Thursday, November 17, 2011

Financial Firms' Shenanigans Show Need for Transparency

  I have been thinking a lot about transparency lately (sad, I know), especially since Pipeline Trading's sneaky tricks and MF Global's seemingly full-scale fraudulent activities were exposed. Since the dawn of financial markets (I include energy and commodities here) people have been able to make great profits, not all of them legal. Over the years I have reported on some of these barely-legal activities, and there are many more that I cannot write about for fear of reprisals. So whenever lawmakers and regulators try to make strides toward transparency I applaud. Transparency makes investors happy, it gives them a warm and fuzzy feeling that the markets or companies they are investing in are as straight-forward as possible.
  MF Global let the transparency side down for brokers and broker-dealers by using segregated customer money for prop trading. What it allegedly did was not only illegal, but immoral. Customers were harmed, the CFTC and CME's reputations for being the good guys were damaged. A slightly loony post today on Zerohedge went so far as to say that MF Global has destroyed the whole system. Written by a broker called Ann Barnhardt from Barnhardt Capital Management, the post blames everyone from Obama to the government for orchestrating a conspiracy to defraud her customers. She has closed her business and says she won't get back in until everyone in power today is either dead or deposed. Here is one alarming passage:
Finally, I will not, under any circumstance, consider reforming and re-opening Barnhardt Capital Management, or any other iteration of a brokerage business, until Barack Obama has been removed from office AND the government of the United States has been sufficiently reformed and repopulated so as to engender my total and complete confidence in the government, its adherence to and enforcement of the rule of law, and in its competent and just regulatory oversight of any commodities markets that may reform. So long as the government remains criminal, it would serve no purpose whatsoever to attempt to rebuild the futures industry or my firm, because in a lawless environment, the same thievery and fraud would simply happen again, and the criminals would go unpunished, sheltered by the criminal oligarchy.

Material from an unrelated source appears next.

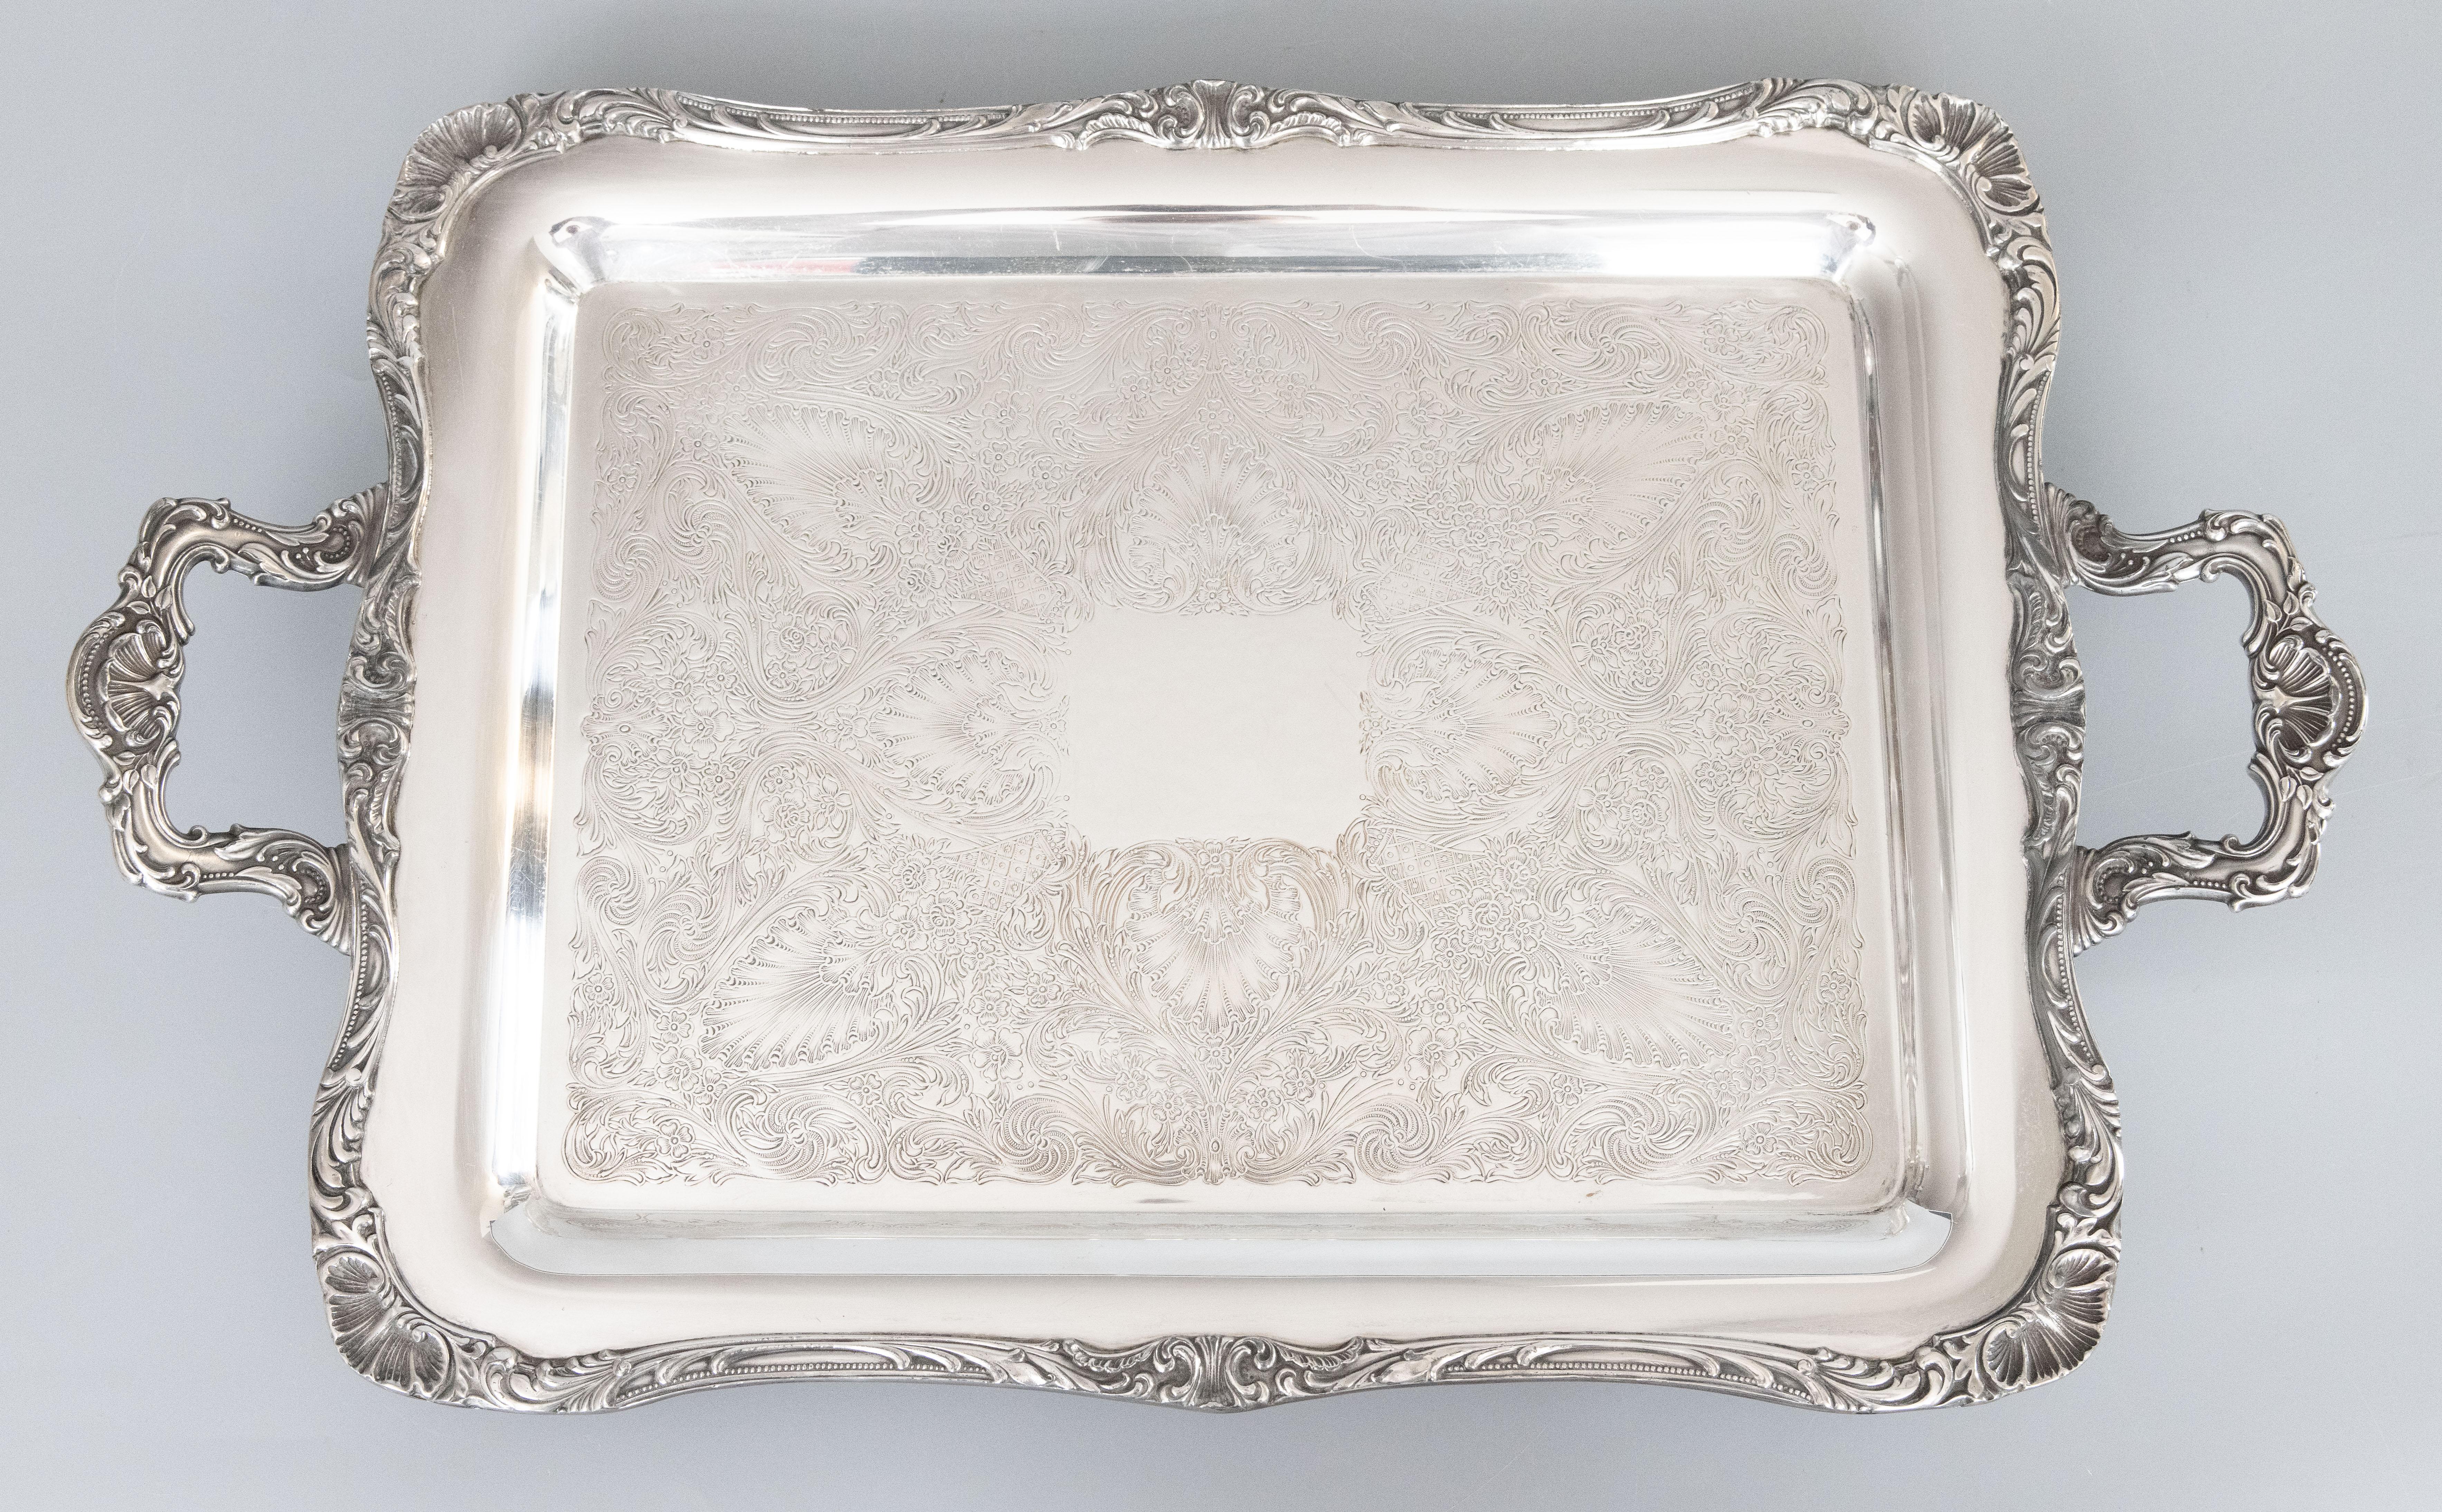 Wm Rogers Silver Plate Footed Rectangular Serving Tray With Handles, circa 1950 For Sale 1

  Hers is an extreme case, she even invokes God at one point, but it shows how pissed off people can be when their protectors let them down. But regulators and exchanges are only human, and cannot read the minds of fraudsters and tricksters. They can only sniff around the edges and try to ensure that financial firms are doing the right thing. MF Global clearly wasn't, but its timing was perhaps the key to getting away with swiping customer money. A Dealbook article in today's New York Times says that the brokerage probably used some of the money to cover trading losses. Where the rest went is thus far a mystery. The NYT said: "The firm may have used some of the cash to keep its own lenders at bay, which means the money could be sitting in an account at another firm." OK...which firm? Who are the trading partners? This is the opposite of transparency and I can see where this might royally piss off clients and counterparties.
  One firm's actions post-M F Global warmed my little heart. Market maker Jefferies Group's shares got hammered when it was mentioned in the same breath as MF Global as having a preponderance of European debt on its books. Jefferies took the bold step of revealing its positions, then selling out of about half of them to mollify shareholders. Now that's what I call transparency. Unfortunately, the firm remains tarred with the MF Global brush.